Después de un ataque de pánico, muchas personas esperan volver a sentirse normales de inmediato.

Sin embargo, es muy común que el malestar continúe incluso cuando el episodio ya terminó.

Puede quedar una sensación de agotamiento, sensibilidad emocional, desconexión o miedo que genera preocupación y confusión.

Algunas personas describen sentirse “raras”, vulnerables o distintas durante horas e incluso días después del ataque.

Aunque estas sensaciones pueden ser incómodas, generalmente forman parte de la recuperación natural del cuerpo después de una activación intensa del sistema nervioso.

Comprender lo que ocurre ayuda a reducir el miedo y evita interpretar estas sensaciones como una señal de peligro.

Qué ocurre en el cuerpo después de un ataque de pánico

Durante un ataque de pánico, el organismo entra en un estado de alerta máxima.

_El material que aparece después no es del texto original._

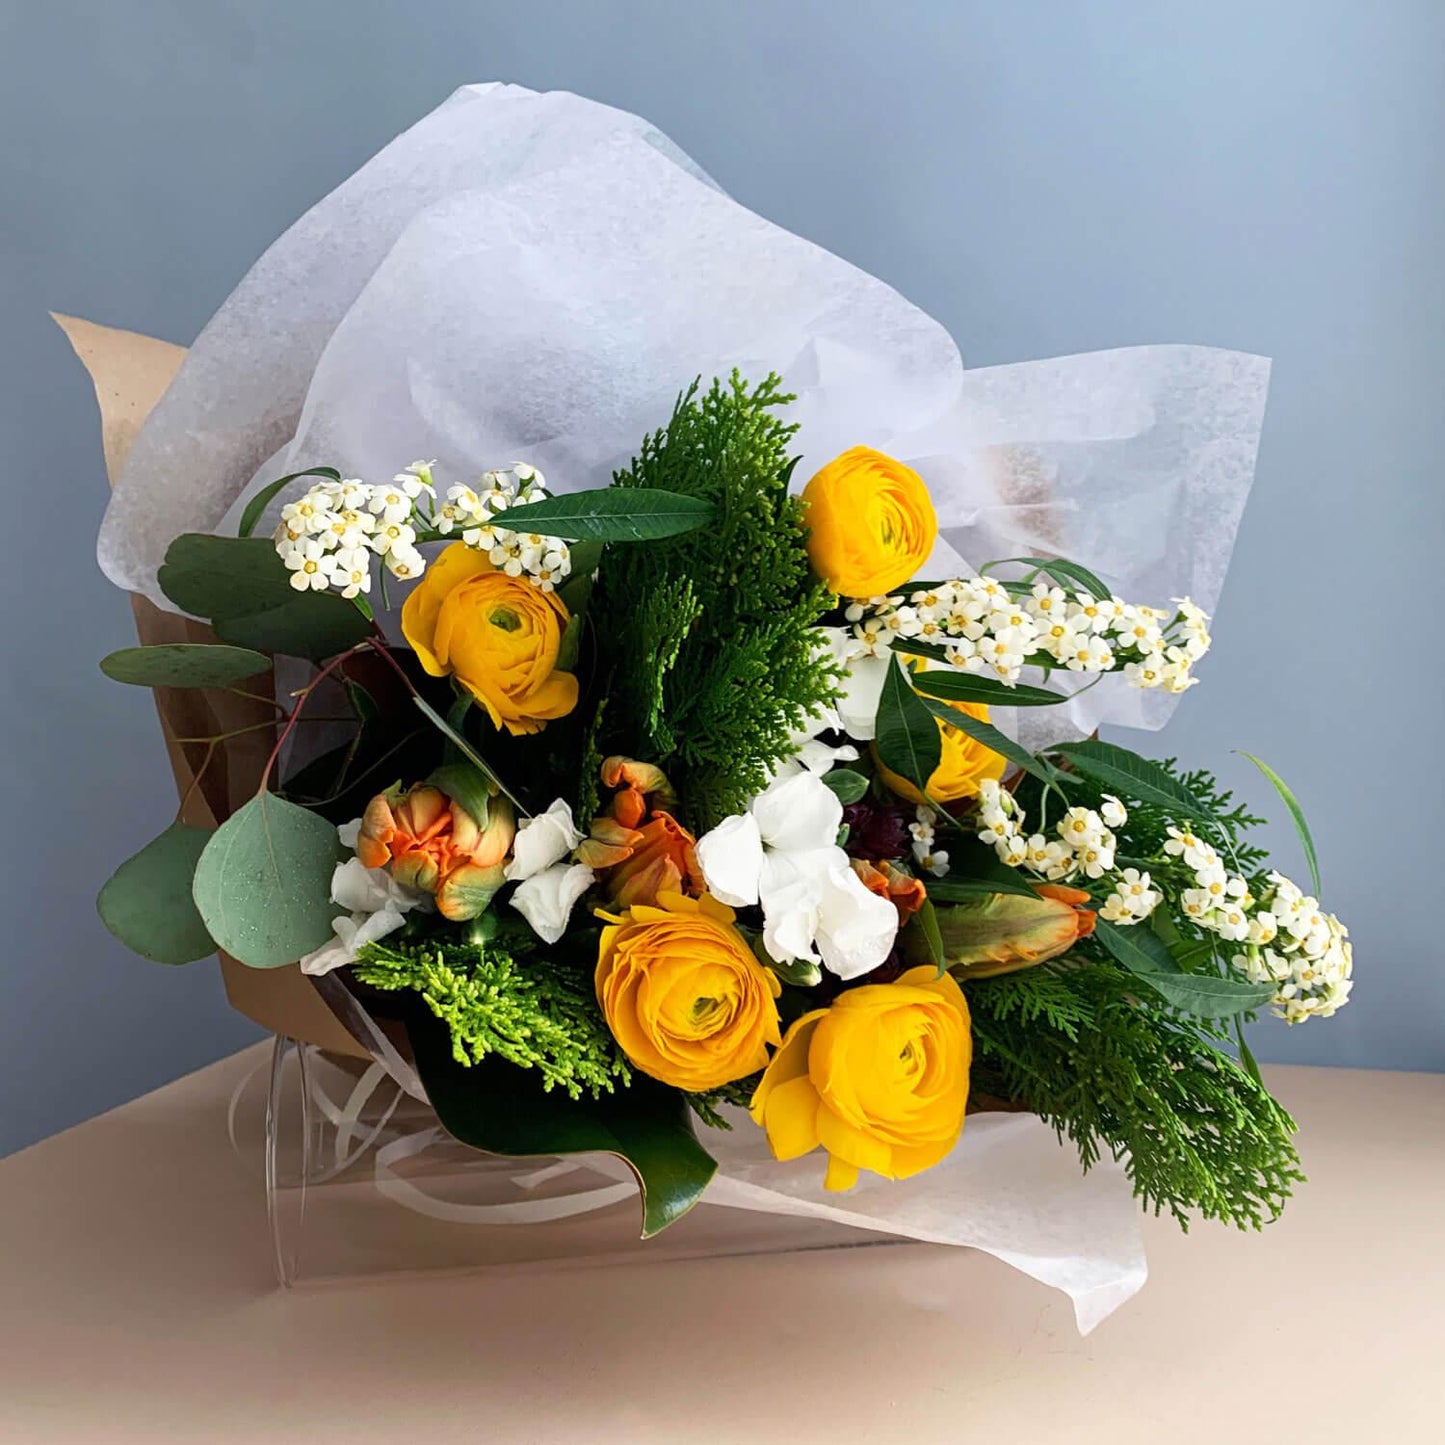 Wonderblooms monthly flower subscription from Quince Flowers, Toronto Florist and flower delivery - yellow white and green bouquet of flower with ranunculus and foliage. Order online for flower & plant subscriptions from the best florist in Toronto near you.

El cuerpo activa mecanismos de supervivencia que producen:

  • aumento del ritmo cardíaco

  • aceleración de la respiración

  • tensión muscular

  • liberación de adrenalina

  • hipervigilancia

  • activación intensa del sistema nervioso

Todo esto implica un gran gasto físico y emocional.

Cuando el episodio termina, el cuerpo necesita tiempo para volver gradualmente a su estado habitual.

Por eso muchas personas sienten una especie de “bajada” posterior.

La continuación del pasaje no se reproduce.